In light of the protective order, Cochran couldn’t simply hand the transcripts over to a friendly reporter. Same with the other defense lawyers-the risk of exposure was simply too great. The question thus became who on the defense team could do it. Who wouldn’t mind taking the chance of directly violating a court order? Who had contacts among the reporters on the press corps? Whose ethics permitted him to do a job like that? All signs pointed to one man:
Larry Schiller.
O.J. Simpson’s literary amanuensis, the coauthor of I Want to Tell You , had spent the entire trial ingratiating himself with reporters as well as gathering material from inside the defense camp for his next, still inchoate, ghostwritten version of Simpson’s story. Schiller loved being at the center of the action, so he was only too happy to share the McKinny largesse with his journalist friends, and they were likewise pleased with their scoops. For the next week or so, Schiller leaked hate-filled tidbits to reporters. (Schiller denies doing this.) The ensuing outcry from the public against Fuhrman added immeasurably to the pressure on Ito to admit the tapes into evidence, just as Cochran knew it would.

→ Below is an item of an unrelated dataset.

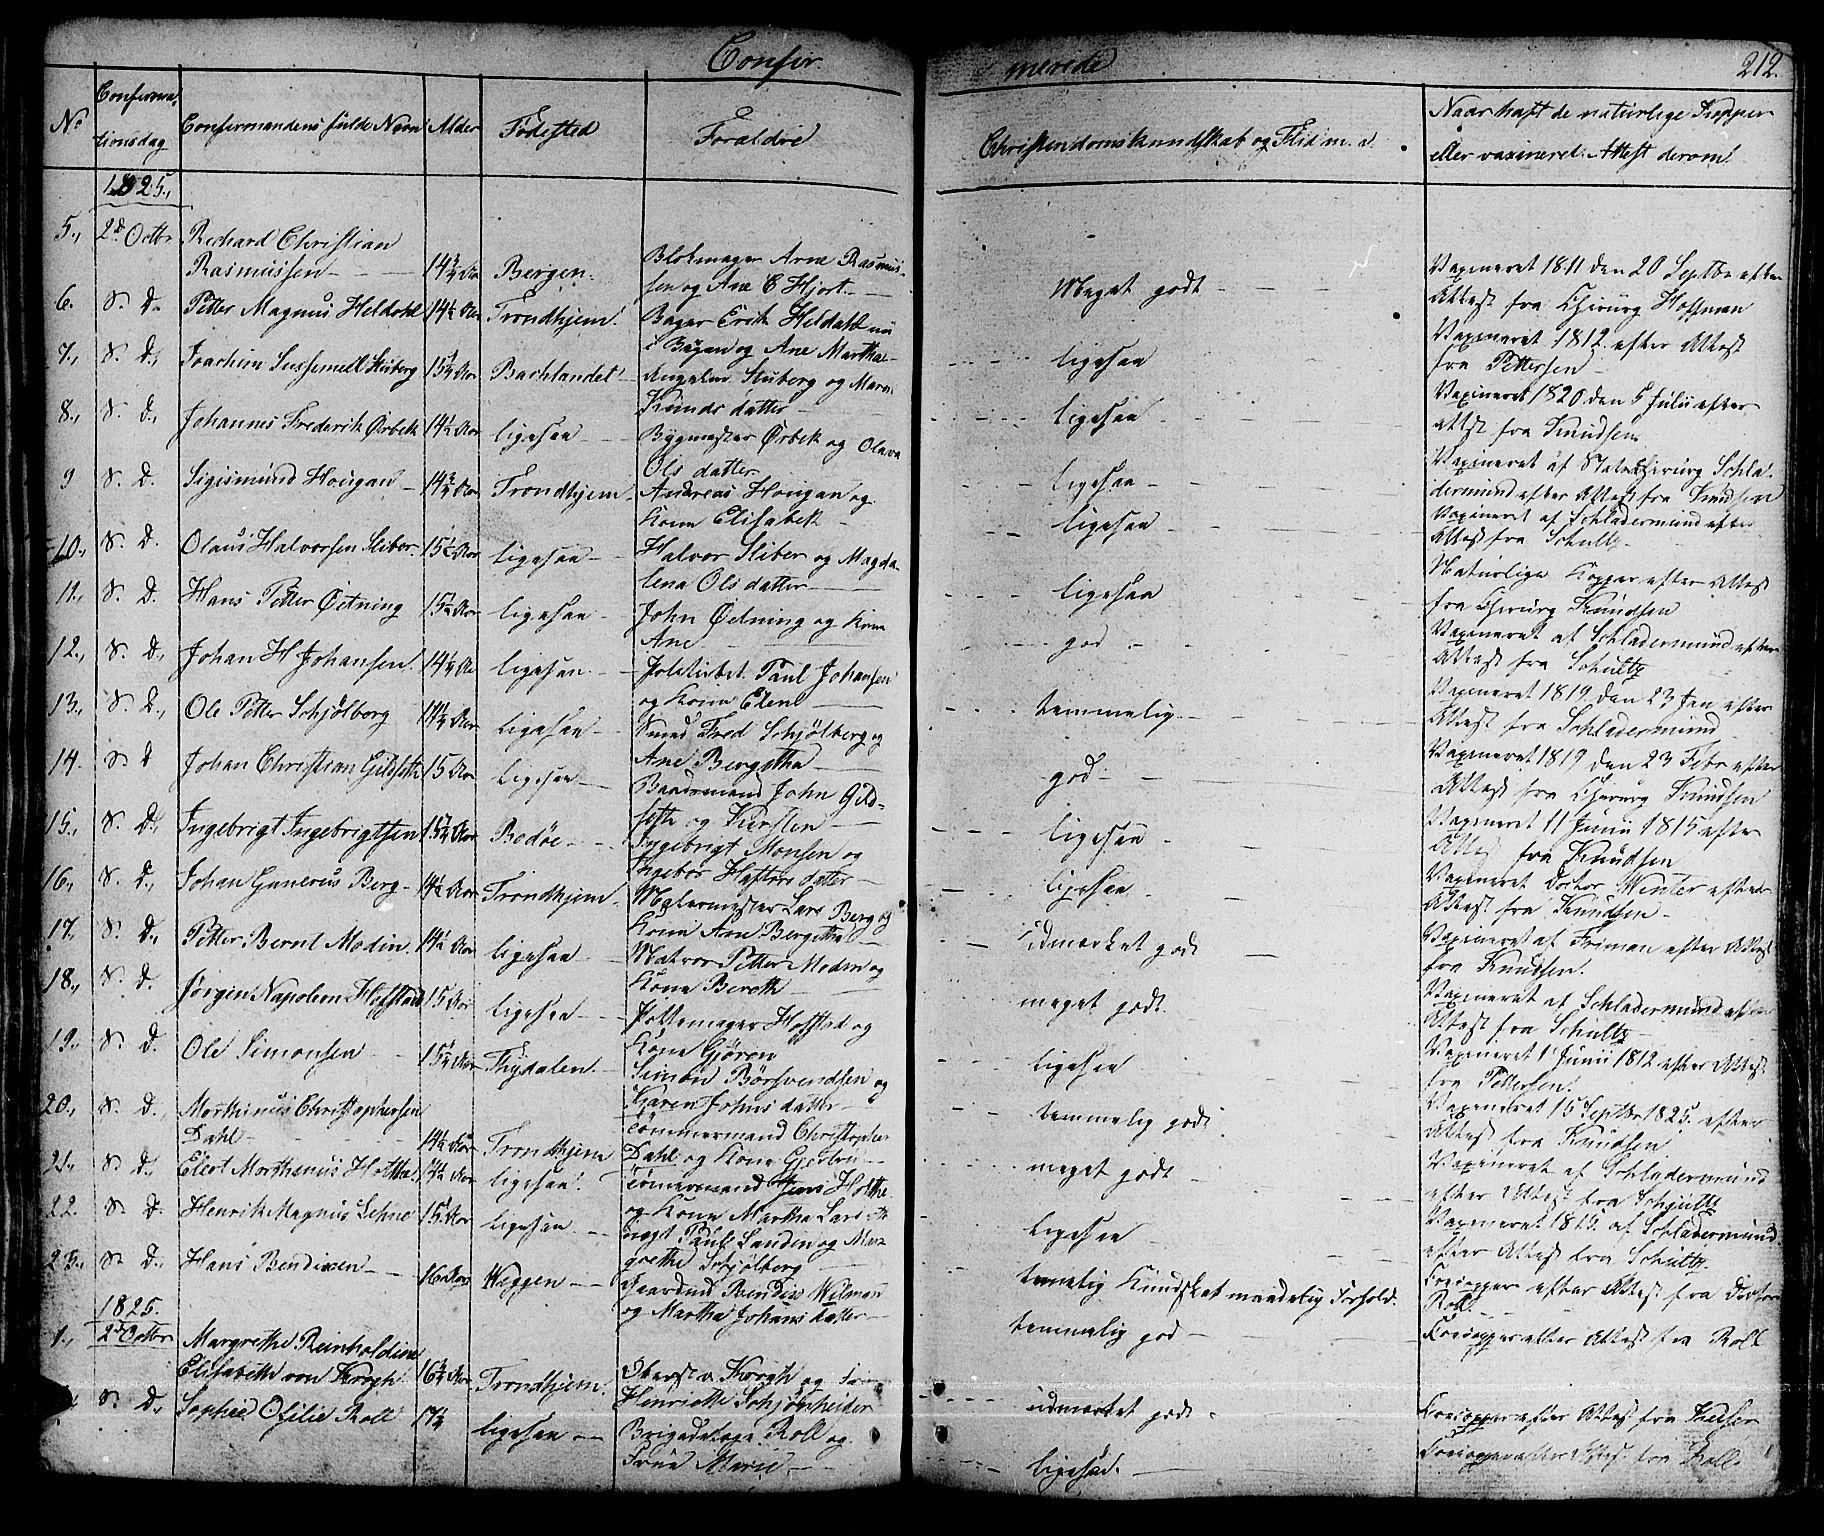 SAT, Ministerialprotokoller, klokkerbøker og fødselsregistre - Sør-Trøndelag, 601/L0045: Ministerialbok nr. 601A13, 1821-1831, s. 212

When lawyers from both sides finally sat down to listen to the tapes, they were struck by something besides Fuhrman’s bigotry. Everyone also noticed the references to Margaret York, who was Fuhrman’s onetime commander in the West Los Angeles division and Lance Ito’s wife. York had been one of the early female recruits to the LAPD (and, in true Los Angeles fashion, a model for the television series Cagney and Lacey ). In keeping with his role in McKinny’s project, Fuhrman had excoriated women police officers in general but also, it turned out, York in particular. Among other things, Fuhrman said on the tape that the judge’s wife had “sucked and fucked her way to the top.”

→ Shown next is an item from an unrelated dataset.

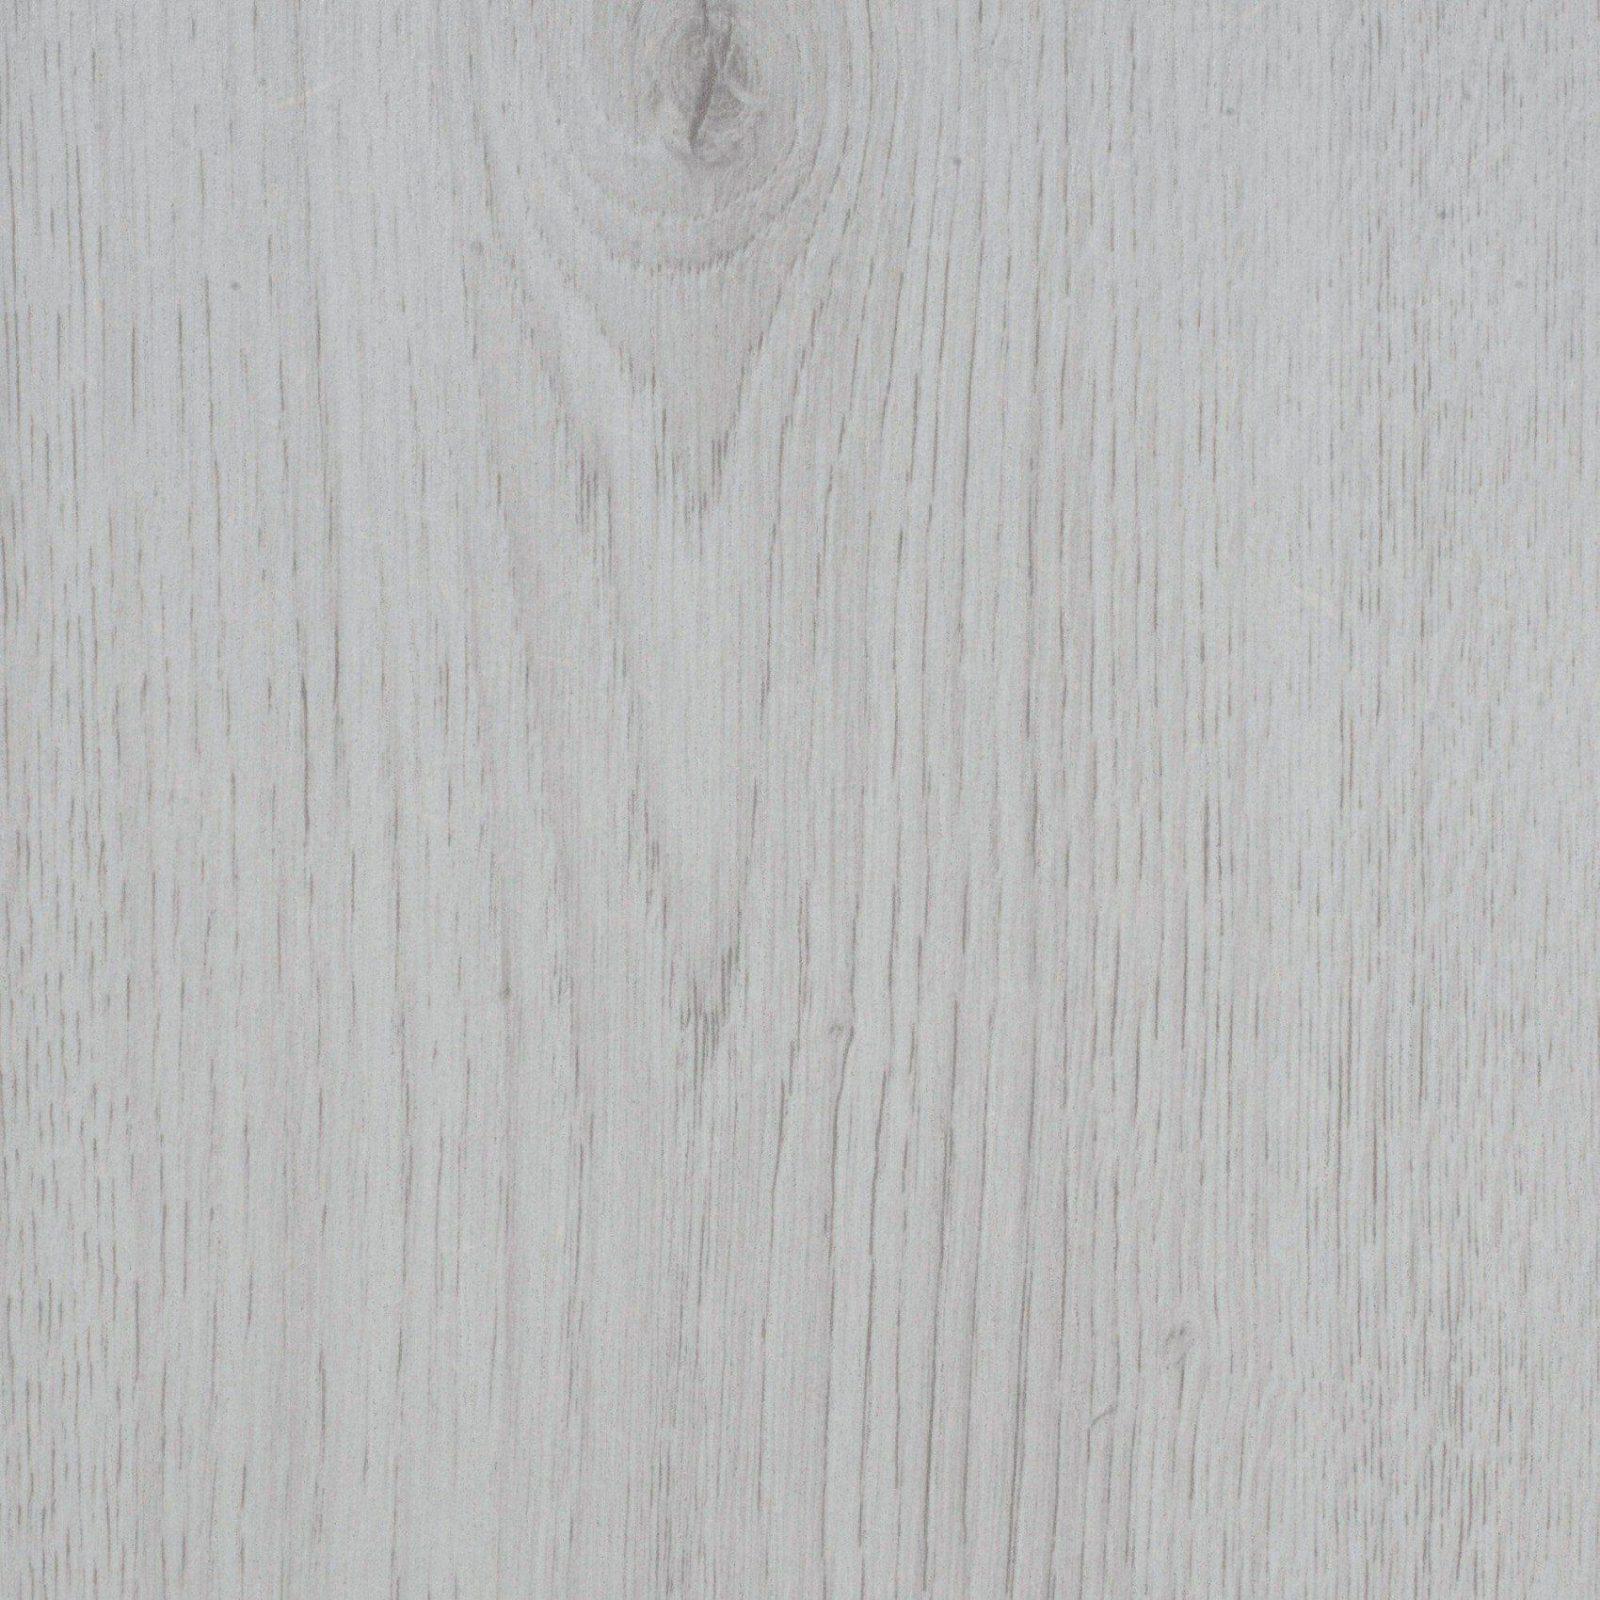 Bodenbelag Weiss Weisser Glanzender Bodenbelag Pvc Bodenbelag Weiss von Pvc Boden Weiß Hochglanz Photo

The lawyers brought this to Ito’s attention in chambers on August 14. The issue was further clouded by the fact that earlier in the case, York had filed a declaration in the Simpson trial saying that she remembered little about Fuhrman except that he was once one of the officers under her command. As Cochran put it gently to Ito, “This is a very delicate issue… It is going to have to do with credibility, because you know, her declaration-this guy, unless he is absolutely lying-and Marcia will back me up on this-the contacts he has with Lieutenant York are the kind that are very hard to forget him.” In other words, as some lawyers on both sides came to believe, York may have lied in her sworn statement that she didn’t remember Fuhrman.